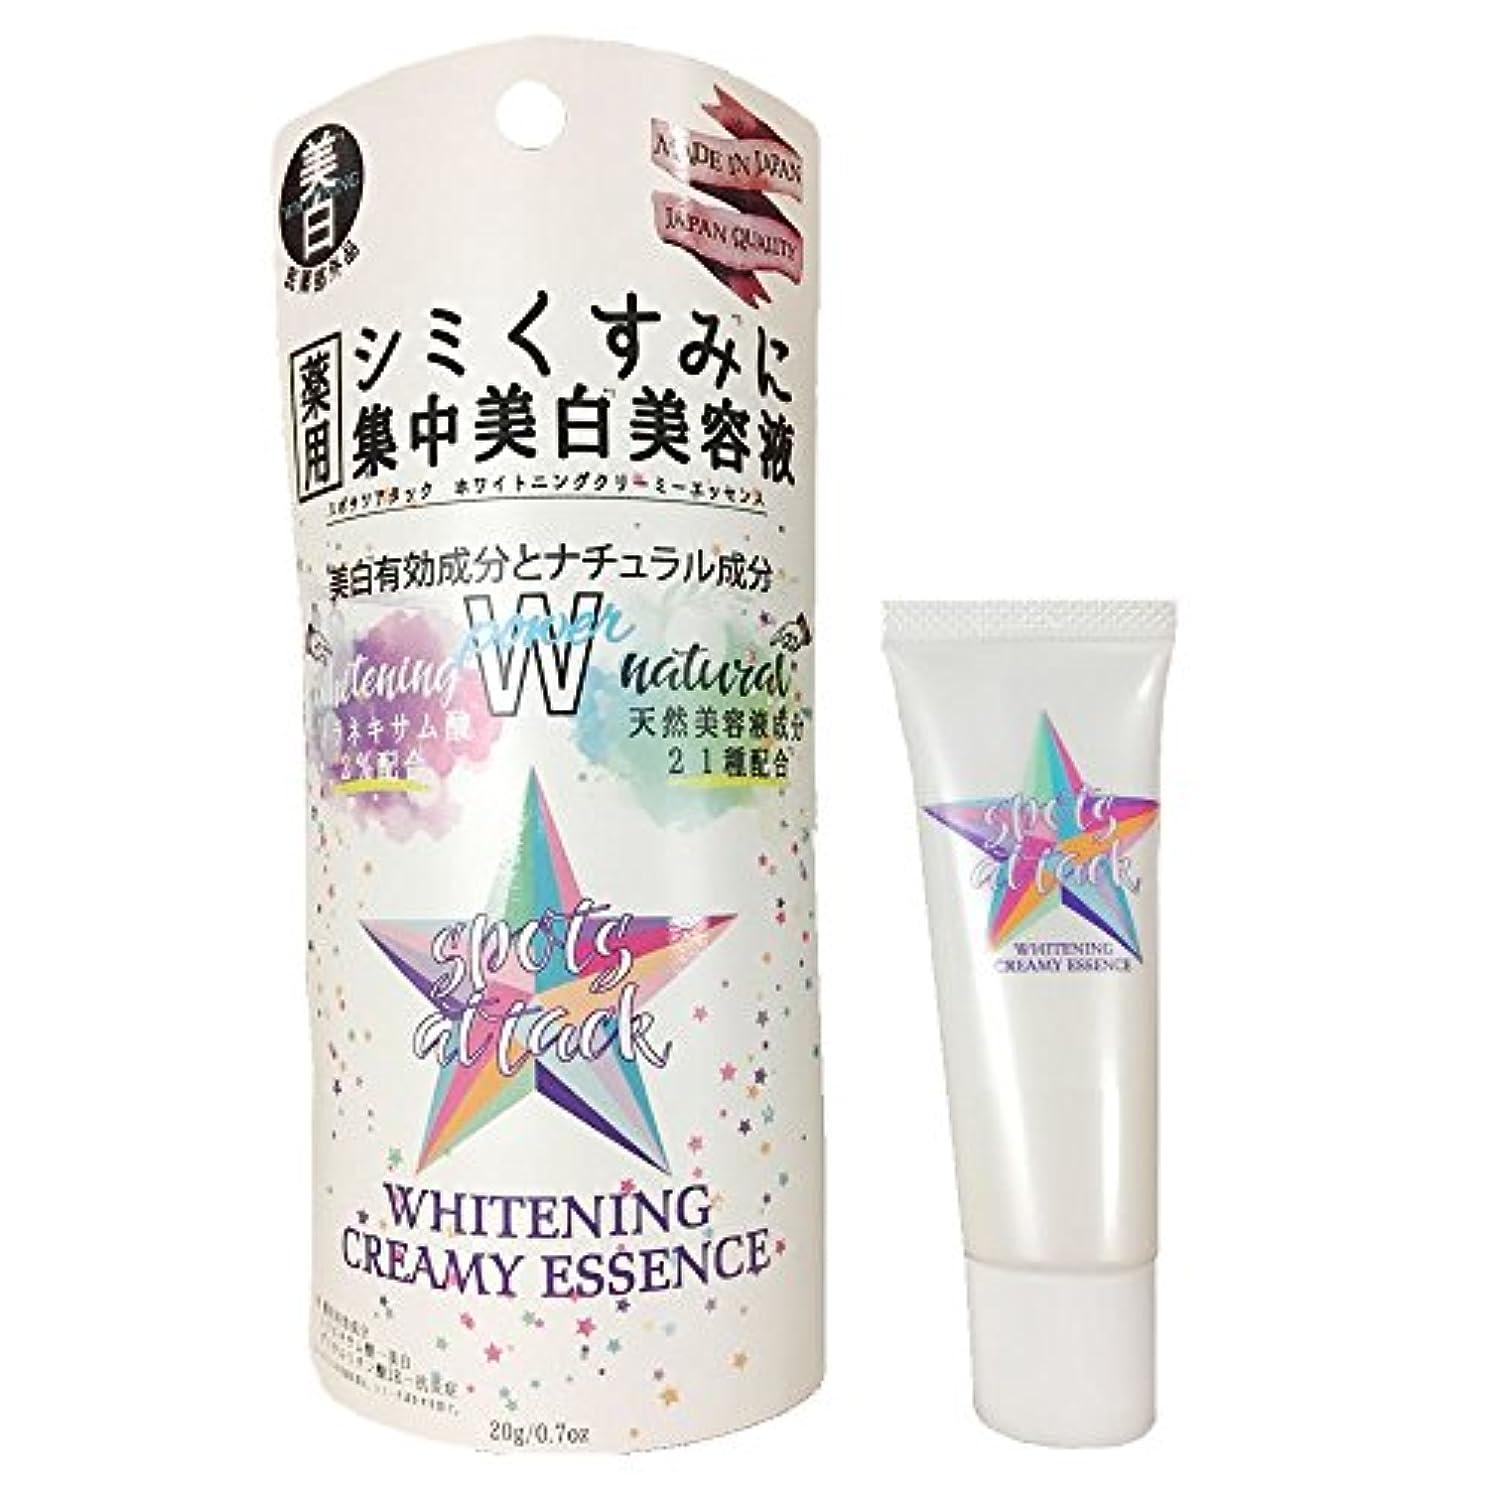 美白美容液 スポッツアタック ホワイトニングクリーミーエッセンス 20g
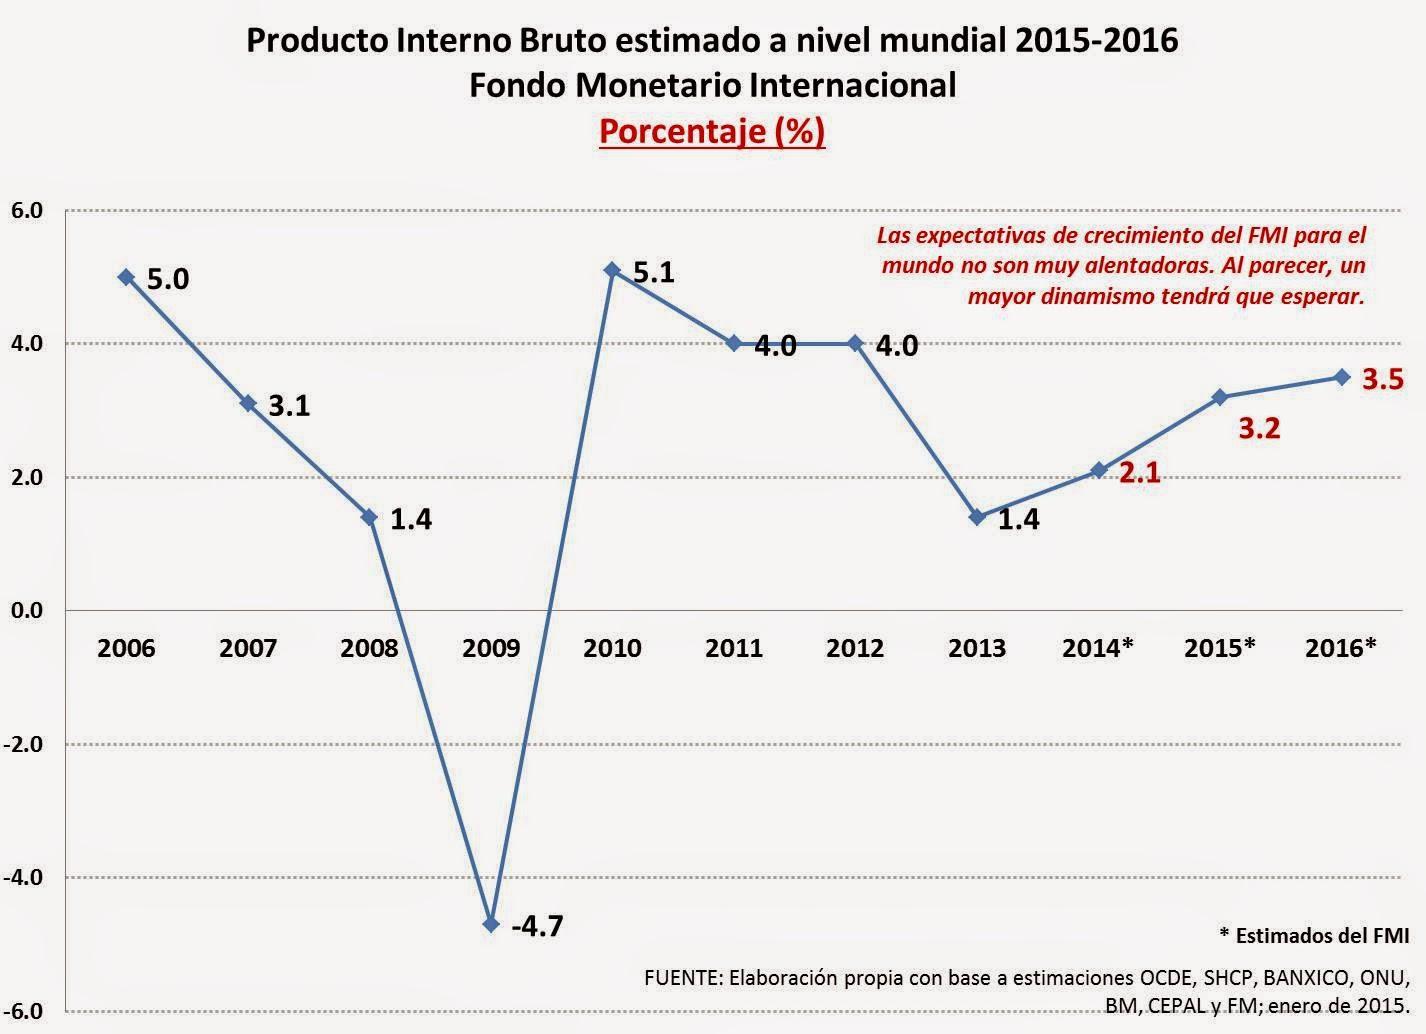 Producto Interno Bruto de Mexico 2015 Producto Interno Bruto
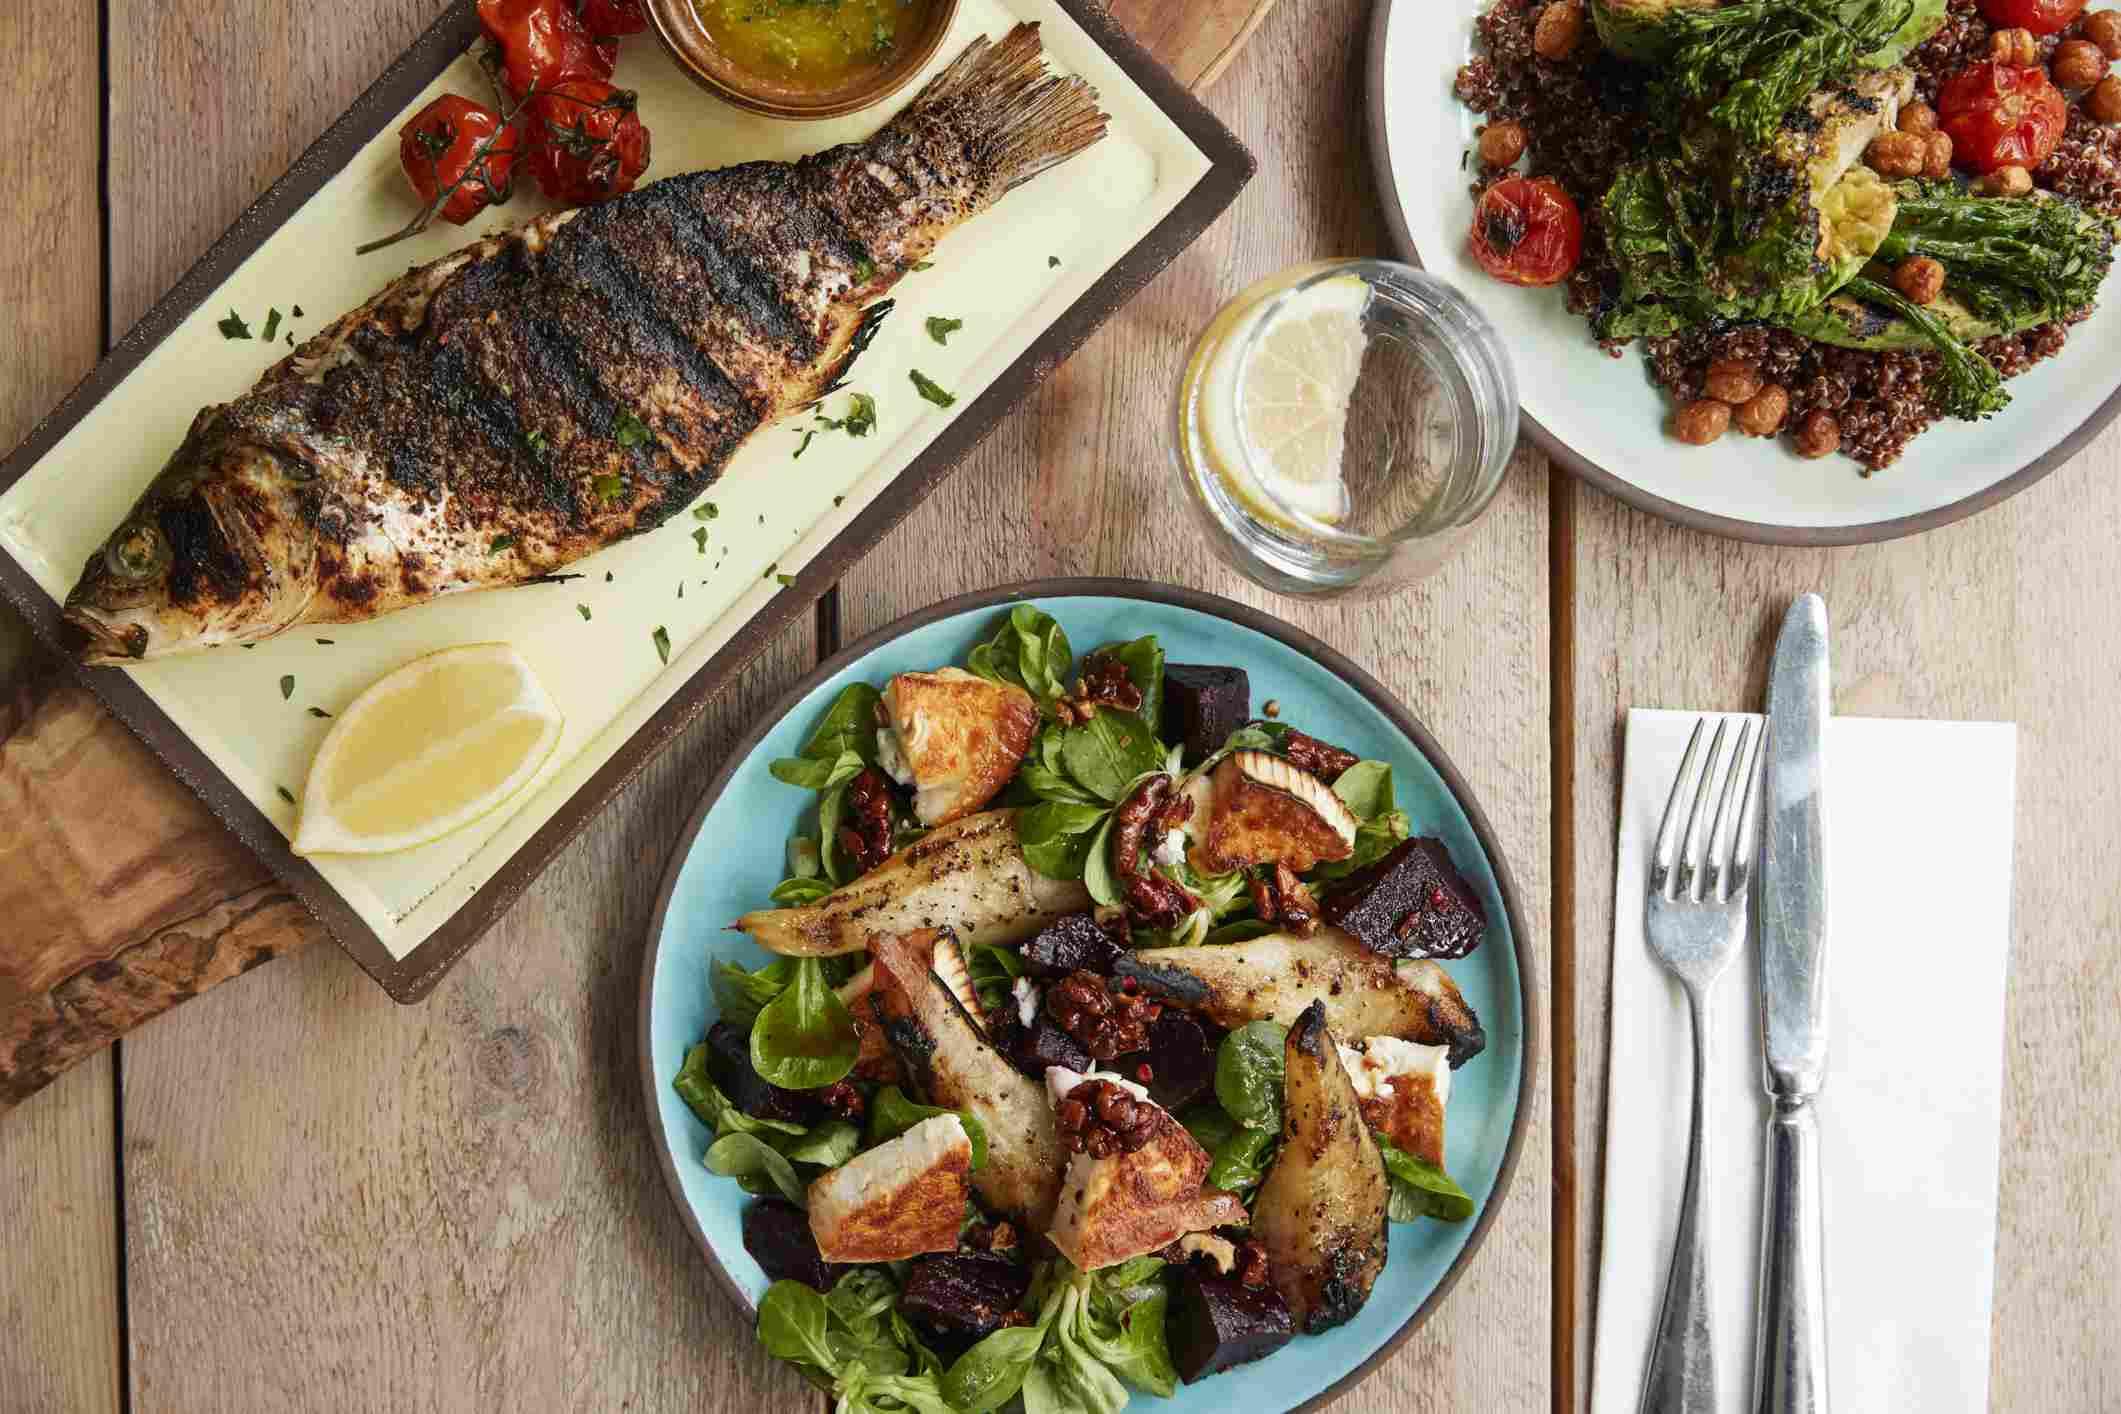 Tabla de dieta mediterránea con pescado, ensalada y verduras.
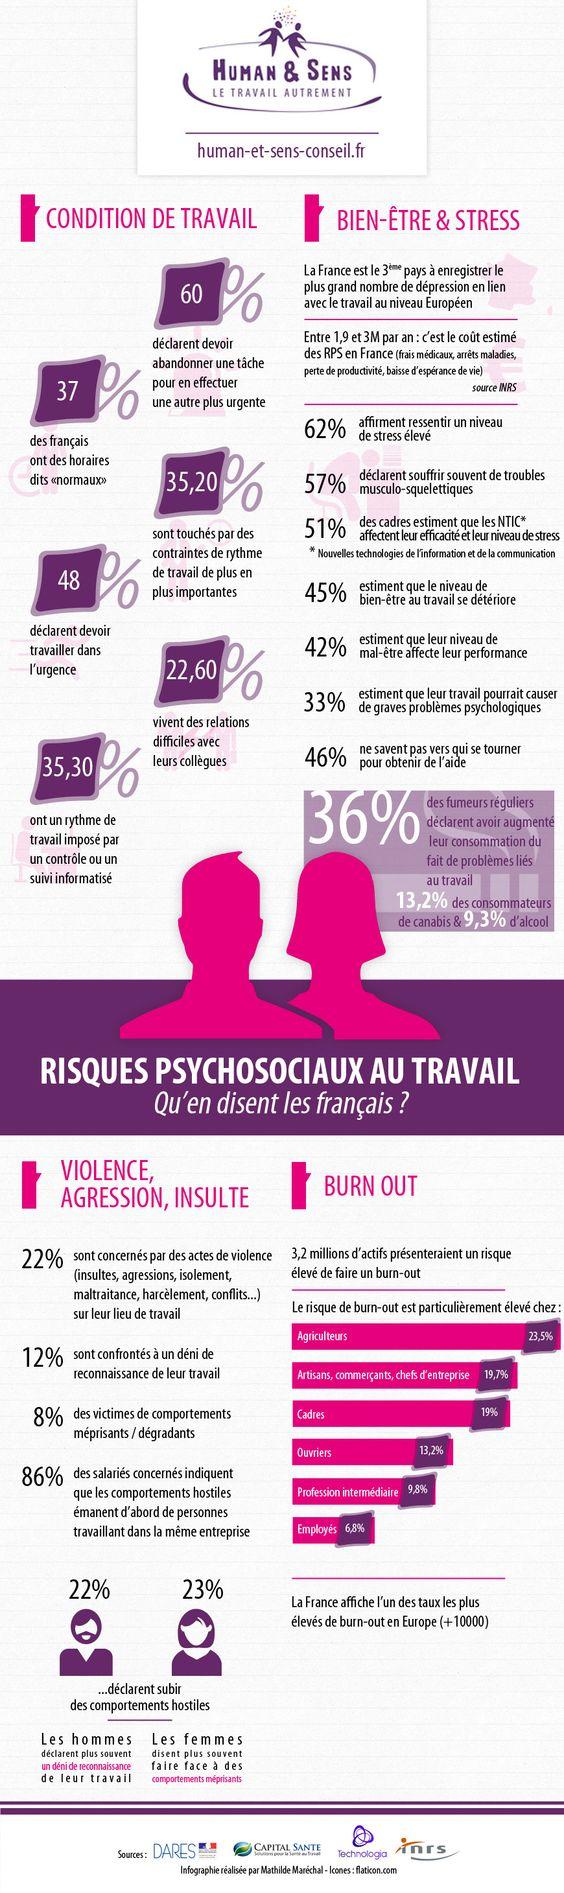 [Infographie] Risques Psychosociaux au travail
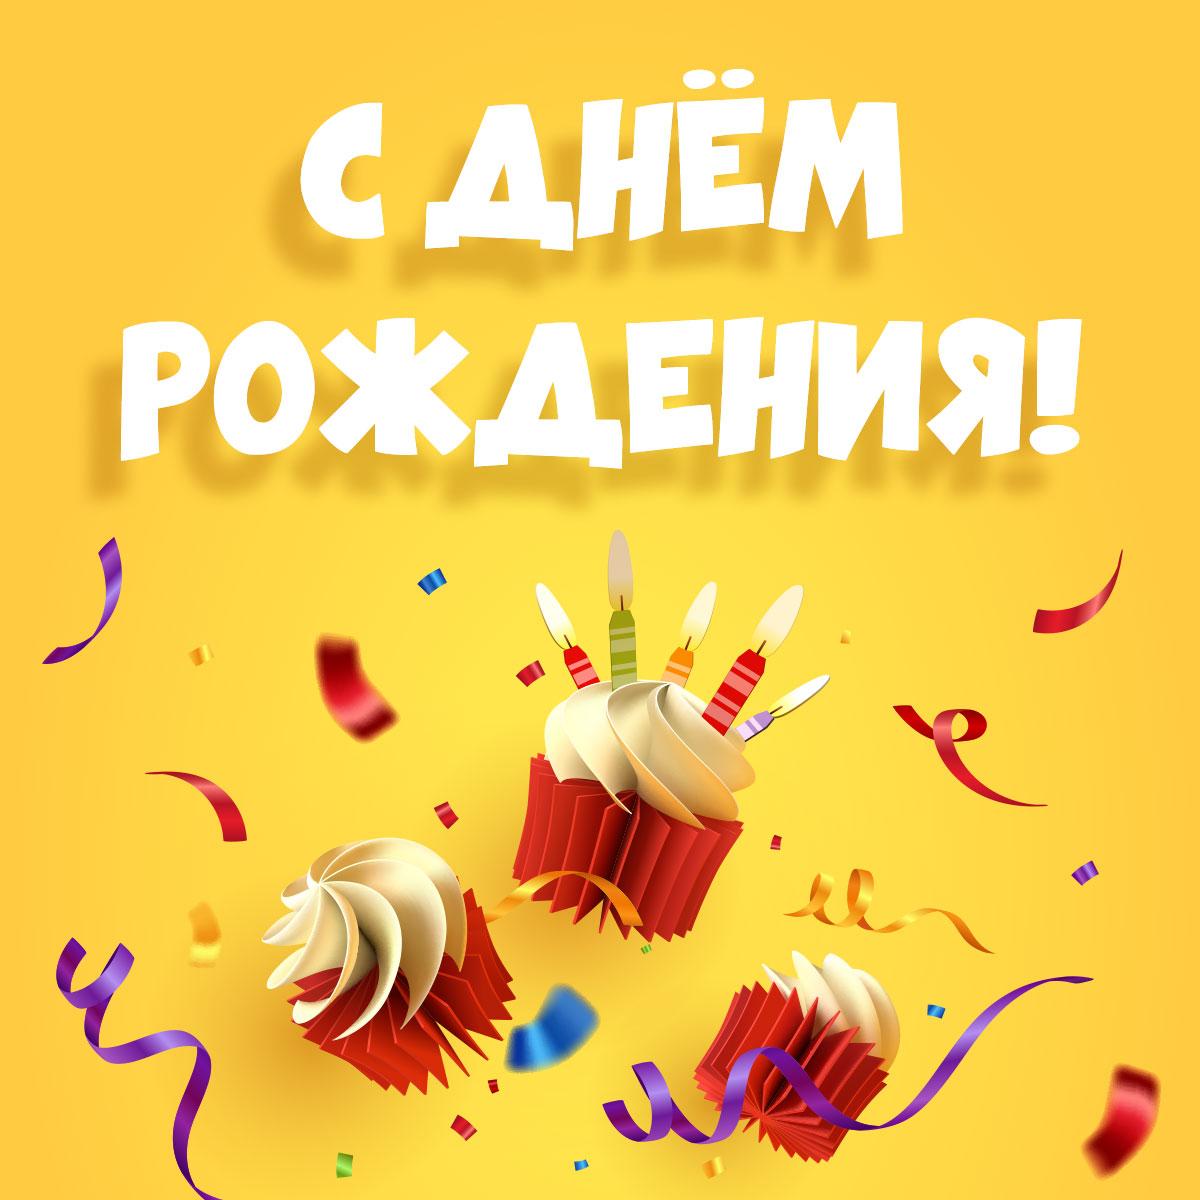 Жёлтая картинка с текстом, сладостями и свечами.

Task to complete — The lines from the one containing "[Infographie] Risques Psychosociaux" through the final line of the data are to be repeated exactly, with both ends included and all pictures left out.

Solution to this exercise —
 [Infographie] Risques Psychosociaux au travail
 Жёлтая картинка с текстом, сладостями и свечами.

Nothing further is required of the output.